Coming here Sarah realized just how little she knew about her husband’s life before they met. She didn’t know the name of his first-grade teacher, what his birthday parties were like, if he went to church. She hadn’t even known his real last name.
In the dark, she shivered beneath the blankets and listened to the slow, even breaths of her husband, felt the rise and fall of his chest. Sarah thought back to when Jack had asked her to marry him. How thoroughly certain she was that they belonged together, that every minute of her life, every experience, had led her to him. She thought they were soul mates, fated for each other. Now, she couldn’t help but question their life together. Had it all been based on lies?
Hurt prickled behind her eyes and she pressed her face into Jack’s slumbering form. Who are you really? she wanted to ask him. He knew the best and the worst of her, and she thought she knew the same about him.
4 (#ulink_7026b49d-a977-50d9-8d91-fe7c5def6647)
BEFORE SHE EVEN opened her eyes, Sarah felt warm sunshine on her face. The sheets still had the crispness of laundry hung on a line, and for a moment she basked in the tranquillity of morning, allowing herself to forget for a moment the chaos and uncertainty of the day before.
She wanted to talk to Jack privately before they left for the hospital, about what she had learned from Hal last night, about why he had lied to her for all these years and about why he now seemed to be evading her. She lifted her head and turned to the side, but the space next to her was empty.
Stiff jointed and achy, she climbed out of bed and looked around the bedroom that Jack slept in as a teenager. She was hoping to find some clues, some insights into his childhood, into the life he led before he met her. There were no athletic trophies on the bookshelf and no bulletin board plastered with photos and mementos. She picked up a few random books from the bookshelf and riffled through the pages. There were no carnation corsages pressed between the pages, no concert stubs or baseball tickets. Of course, it had been over twenty-five years since Jack had lived here. Julia and Hal had most likely redecorated years ago and used this as a room for guests.

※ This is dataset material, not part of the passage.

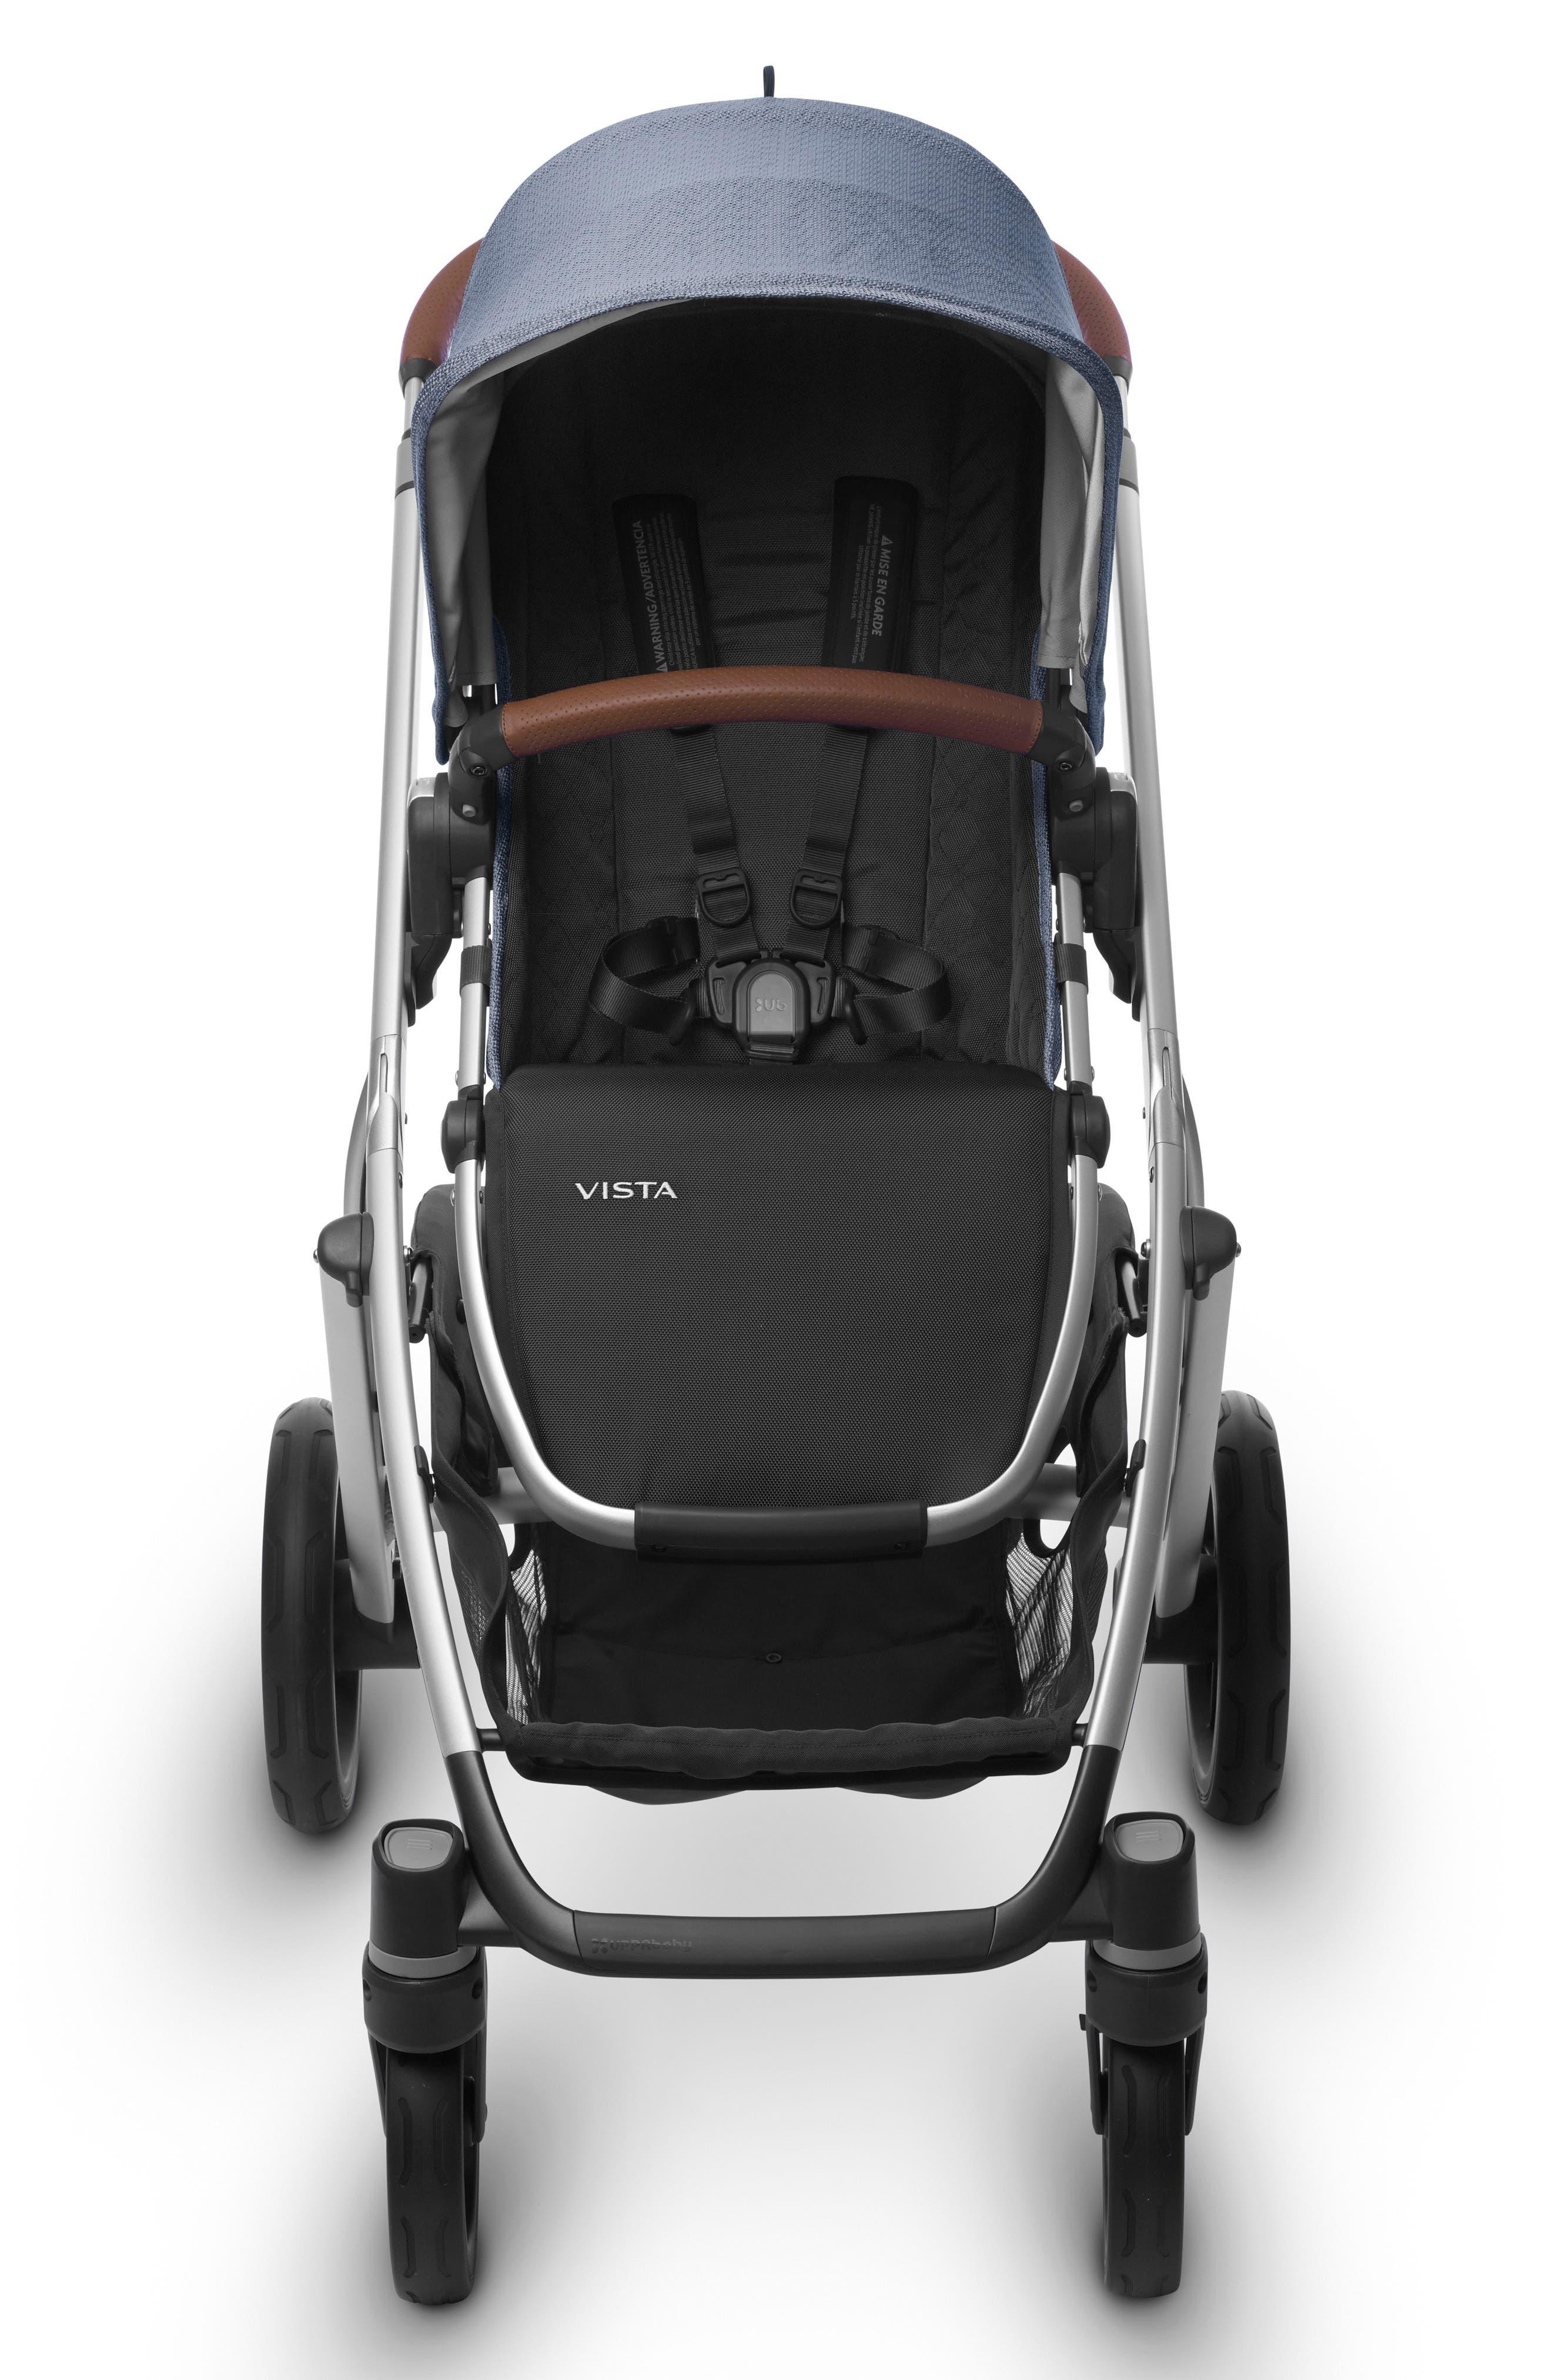 2017 VISTA Henry Aluminum Frame Convertible Stroller with Bassinet & Toddler Seat,                             Alternate thumbnail 6, color,                             Blue Marl

A small oak desk sat in the corner of the room and she pulled out the drawers, each empty except for a few stray paper clips and ballpoint pens. Instead of clothing, the tall dresser held neatly folded tablecloths and bed linens. She opened the closet door to find it empty except for two heavy winter coats hanging from the metal bar and a shoe box with Jack’s name on it on the top shelf. Jack pushed open the door. “How’d you sleep?” he asked.

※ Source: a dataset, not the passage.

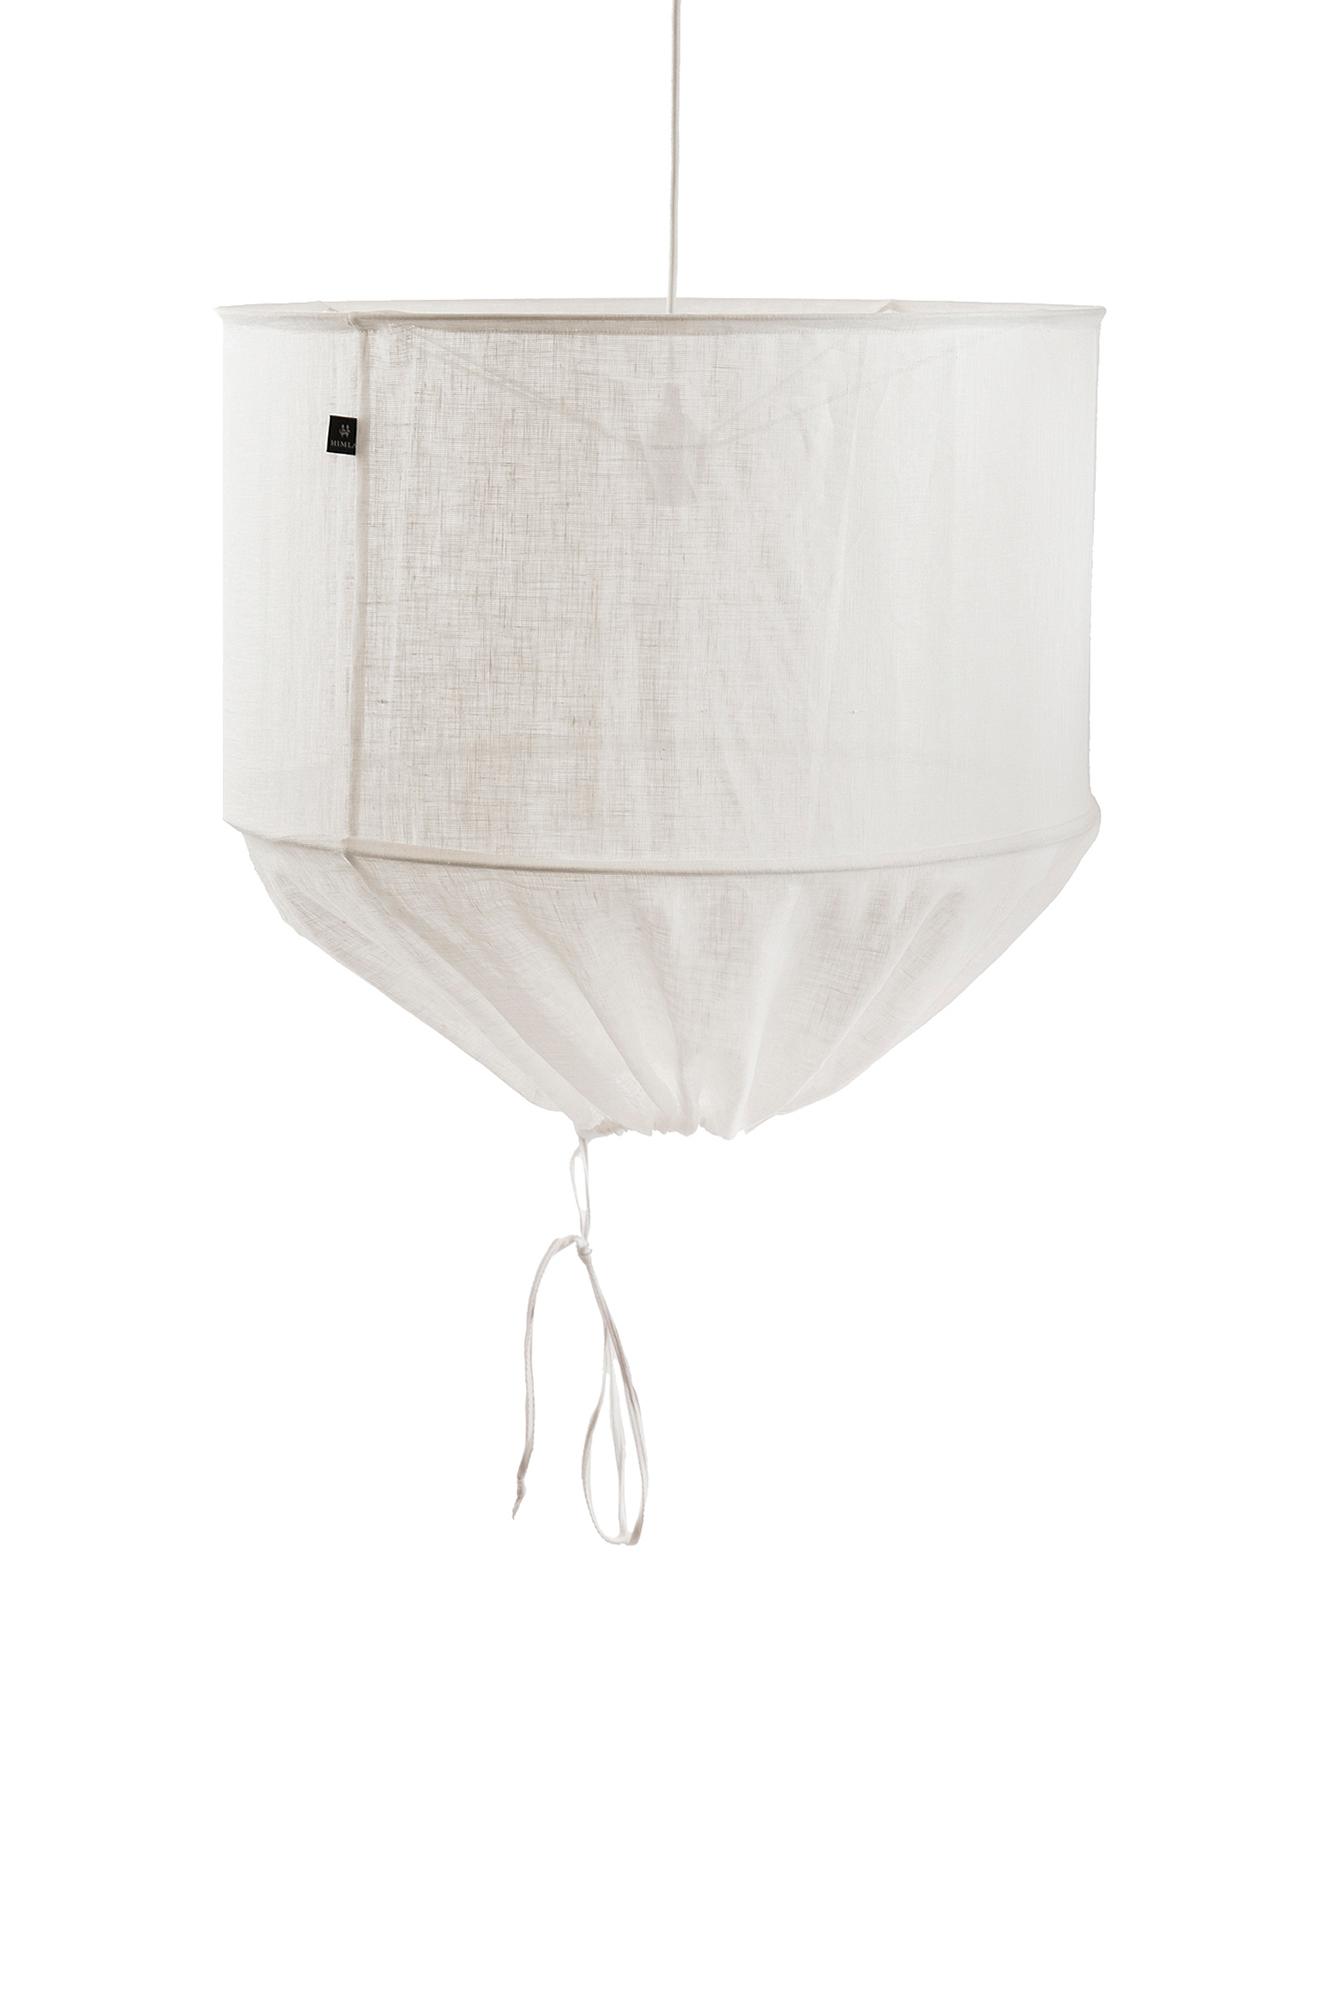 Dalsland-kattovalaisin, Ø 60 cm

Startled, she closed the closet door and turned to face him. “Okay,” she answered. But she hadn’t slept well at all. For what felt like hours she had lain next to him in the dark, tossing and turning, her mind racing with questions, restless about how to confront Jack. Where would she even start, and how would Jack react?
She searched for the words, knowing she had to be careful or Jack would shut her down in an instant. “Last night, Hal told me your real last name is Tierney,” she blurted, unable to mask the accusation in her voice. “Is that true?”

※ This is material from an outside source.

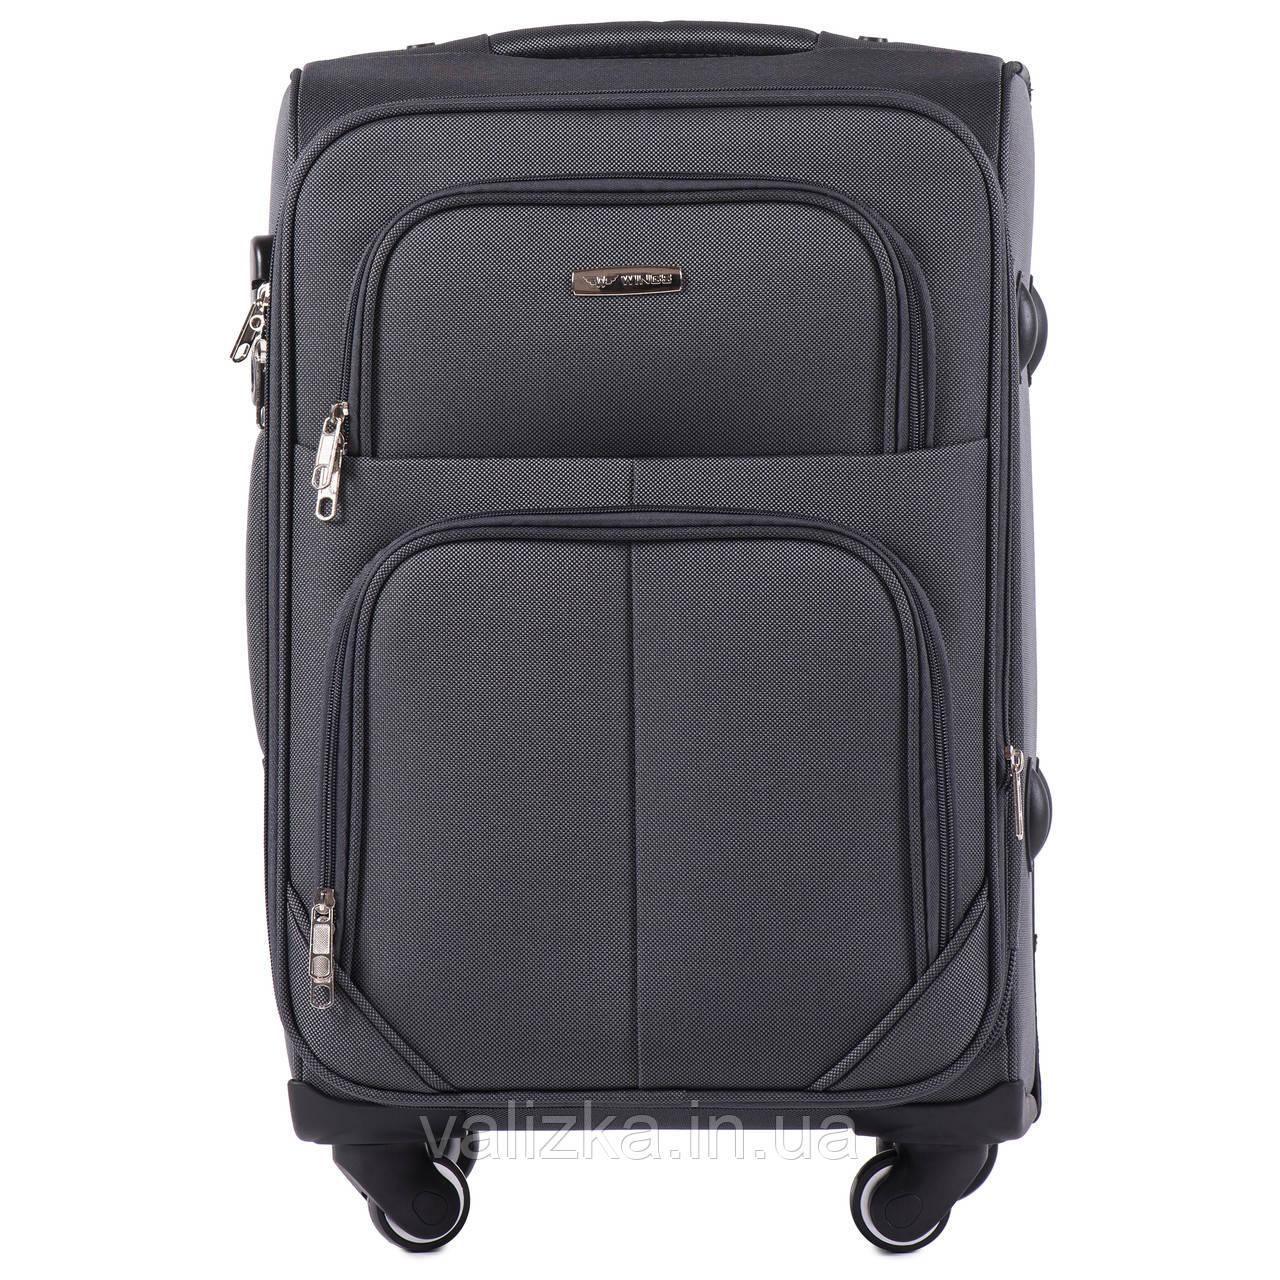 Малый текстильный чемодан на 4-х колесах темно-серый Wings

Jack looked at her blankly. “You knew that,” he said. “I told you that after we started dating.”
Sarah shook her head. She would remember if Jack had told her. “No, you didn’t.”
“Of course I did. You must have forgotten.”
“Jack,” she said more firmly, and he sighed in frustration.
“You already know this, Sarah. After Amy and I went to live with Hal and Julia, we had our name legally changed to Quinlan. I was fifteen, Amy was eleven. Hal and Julia became our legal guardians and they were all the family we had left in the world. It just seemed easier.”
Maybe she was overreacting about the name change, but that still didn’t explain why he had kept it from her.
“Hal also told me that you and Celia dated in high school. Why didn’t you tell me these things? Why the secrecy?”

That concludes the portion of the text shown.